Soltanto tra giovedì e venerdì scorso i vari enti governativi Usa hanno reso noto che le richieste di disoccupazione iniziali nella settimana conclusasi il 18 aprile sono salite a 295mila unità dalle 294mila della settimana precedente, ma soprattutto contro un consensus orientato verso un calo a 287mila; il sondaggio mensile di Markit tra i responsabili acquisti delle aziende manifatturiere ha mostrato un rallentamento nell’attività rispetto ai dati preliminari di aprile, con l’indice principale calato a 54,2 da 55,7 e contro un consensus orientato verso un dato invariato; la vendita di nuove case a marzo è letteralmente crollata dell’11,4% contro un calo medio atteso del 4,5%; il misuratore mensile dell’attività manifatturiera della Fed di Kansas City è sceso a -7 in aprile dopo il -4 di marzo, contro una stima attesa di un aumento a -2; gli ordinativi di beni non legati alla difesa sono scesi del 4,6% a marzo su base annualizzata. E per finire, come ci mostrano i primi due grafici a fondo pagina, la crescita dell’export è negativa, come si è notato durante le due ultime recessioni e i dati macro Usa nel loro complesso ora sono al minimo da sei anni.

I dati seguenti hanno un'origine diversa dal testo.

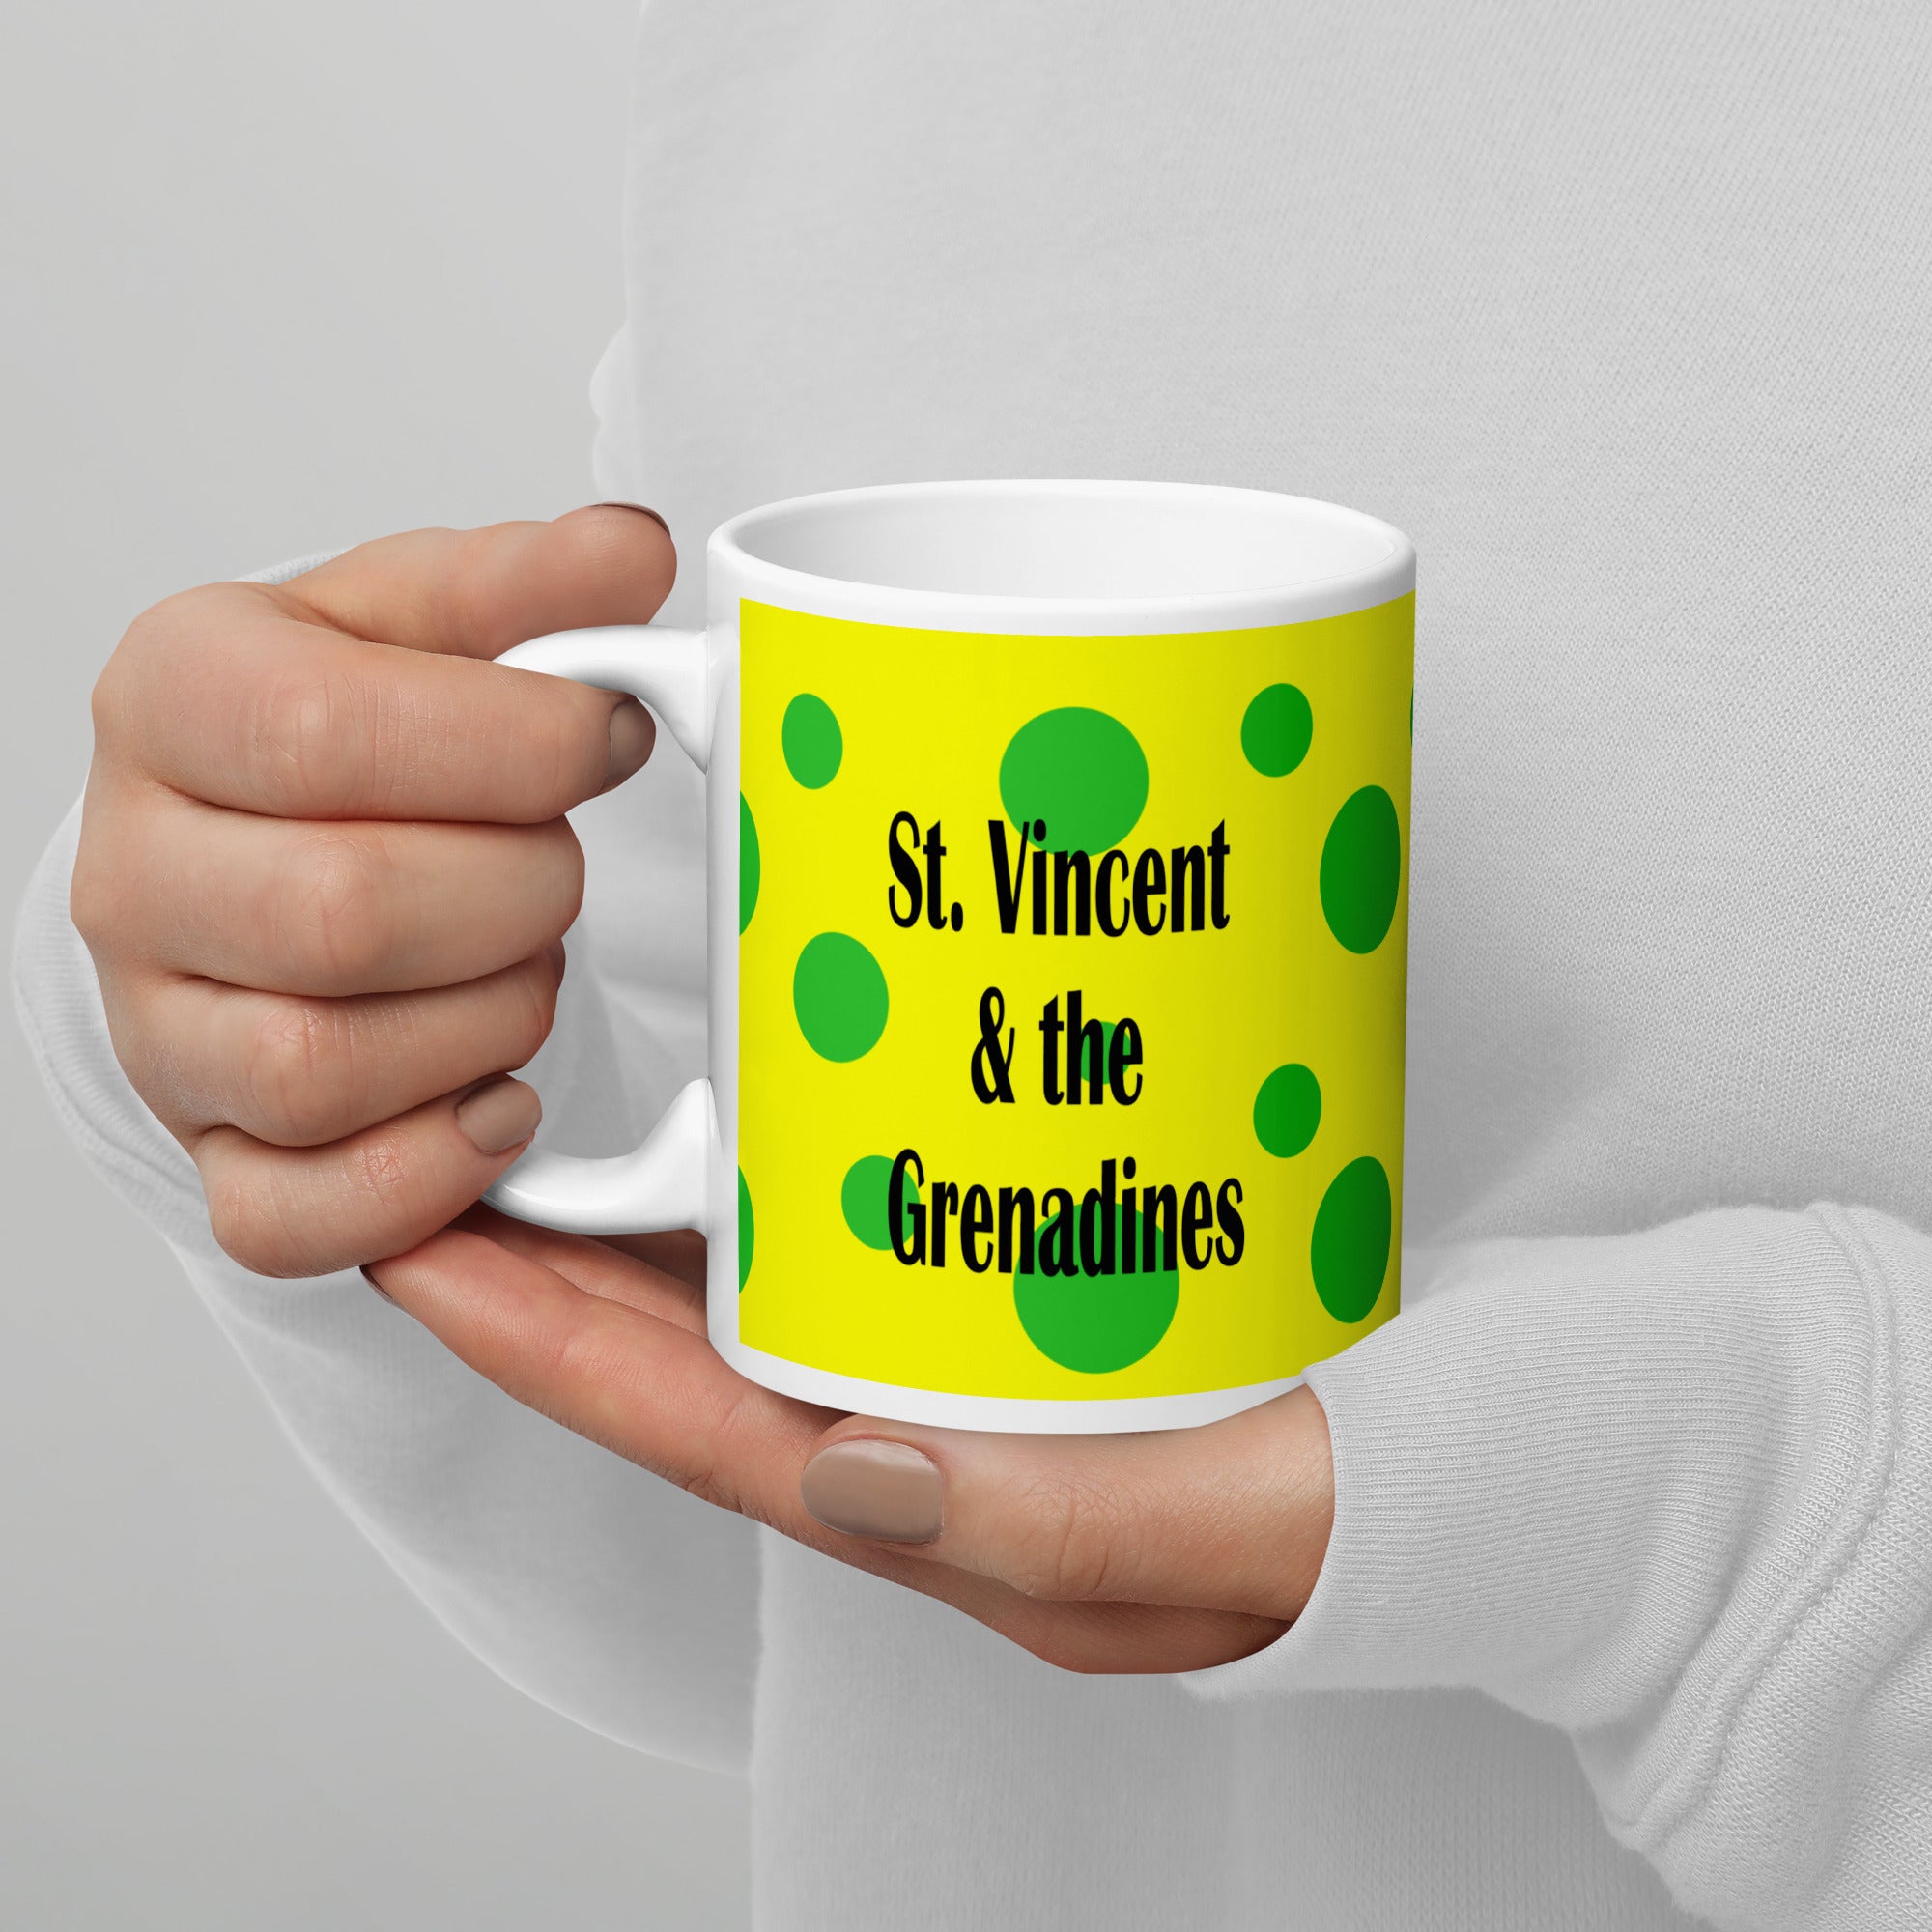 11oz St. Vincent and the Grenadines ceramic mug with green spots on a yellow background

Dopodomani si conoscerà il dato del Pil del primo trimestre, con gli economisti interpellati da Bloomberg che si attendono un +1%, nettamente al ribasso rispetto al +2,2% delle previsioni di fine 2014. E di più, cominciano i timori anche per l’eventuale rimbalzo della crescita nel secondo trimestre. Già oggi il consensus della Macroeconomic Advisers Llc di St. Louis prevede per il periodo aprile-giugno una crescita del 2,2% contro un dato precedente del 2,4% e addirittura il +2,8% soltanto del 7 aprile scorso, come ci mostra il terzo grafico, mentre per il primo trimestre si attende un +1,4% contro il +1,5% iniziale.

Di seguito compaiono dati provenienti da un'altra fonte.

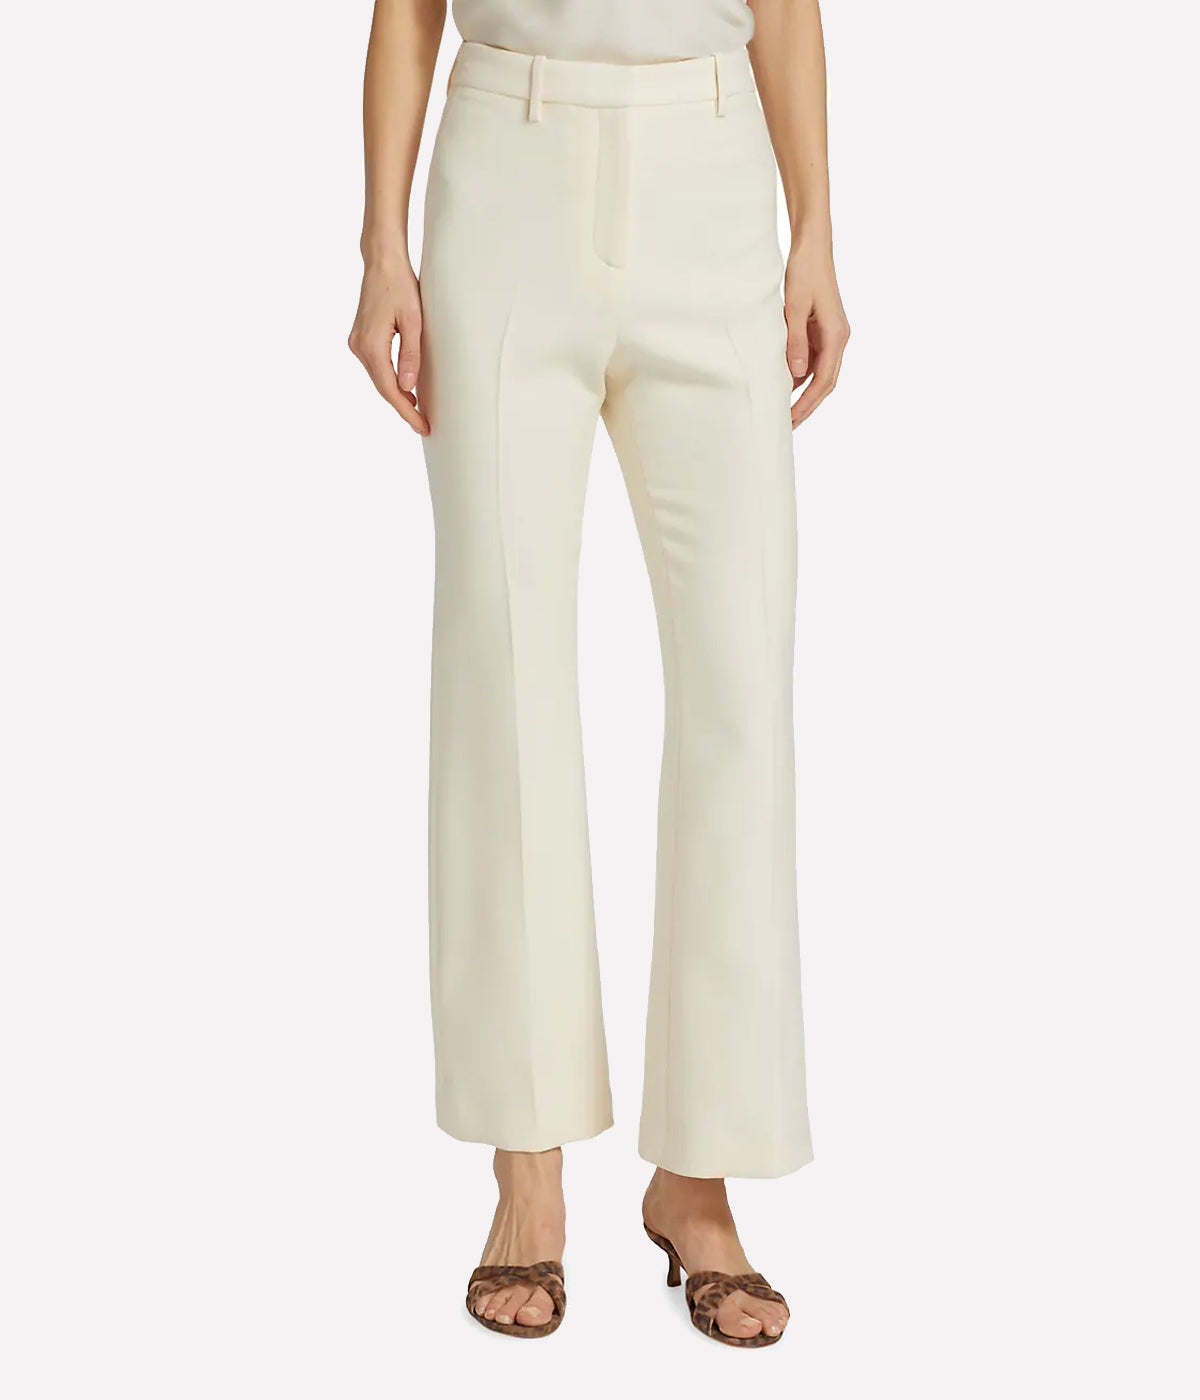 Cropped Corette Pant in Ivory

Per Stephen Stanley, capo economista alla Amherts Pierpont Securities, «il solido rimbalzo che avevo previsto per il secondo trimestre, a causa di un dato molto più debole del previsto per il mese di marzo, lo vedo traslato in molte sue componenti e con le stesse dinamiche nel terzo trimestre». Insomma, anche chi fino a ieri negava la nuova crisi, ora deve ammettere che i calcoli sono stati fatti male - o comunque sull’onda di un eccessivo ottimismo - e si ricomincia a calciare in avanti la lattina, nella speranza di un miracolo o di una guerra in piena regola.